Former-Bull Bobby Portis dropped 28 points and hit a three-point bucket to give the Knicks their first lead of the game at the 1:47 minute mark. As for the Bulls, they’d fail to score for the final 3:33 minutes, letting the Knicks cap off a 15-0 run to win the game.
This isn’t about growing pains. This isn’t about chemistry. This isn’t about one player. This is about bad basketball.
The Bulls tricked all of us by playing their best 1st quarter of the season, grabbing a 33-15 advantage. After that, they were outscored every quarter and slowly let the Knicks climb back into the game. How? Well, being outrebounded on the offensive boards 25-9 doesn’t help. Oh, and shooting 25.7 percent from behind the arc isn’t going to win you games. But, ultimately, as the game grew close it came down to one thing … decision making.

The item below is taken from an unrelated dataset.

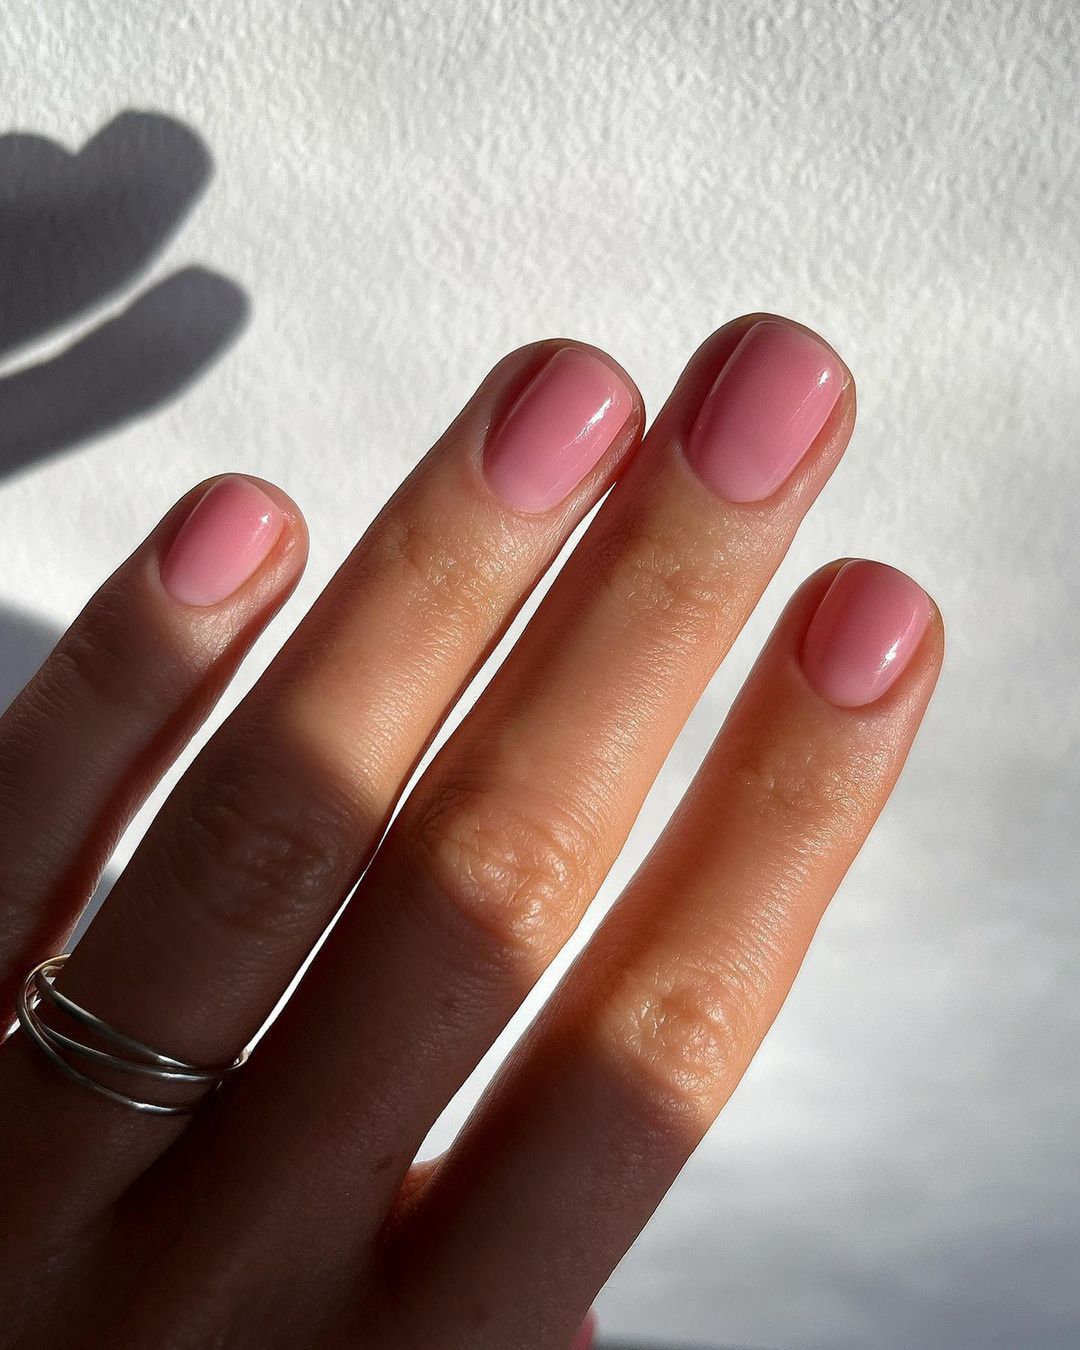 Cielisty manicure wysmukla optycznie dłonie i odmładza wygląd dojrzałej skóry

Jim Boylen played Coby White and Ryan Arcidiacono the same amount of minutes. Zach LaVine played hero ball. The team took contested shots. Everything was out of sync when the game mattered the most. The ball movement that was so strongly demonstrated in the 1st quarter, the same one that gave the Bulls a 33-15 advantage, transformed into iso-ball. When the clock hit 3:33, it became every man for himself.
Horrible. And Zach LaVine knows it.
"We keep pissing away wins. I feel like we should be 3-1 right now, but it's flipped around." pic.twitter.com/Yv8htxSWij
— Bulls Talk (@NBCSBulls) October 29, 2019
We might be only four games into the season, but the word “playoffs” feels as foreign to the Bulls as the concept of closing games.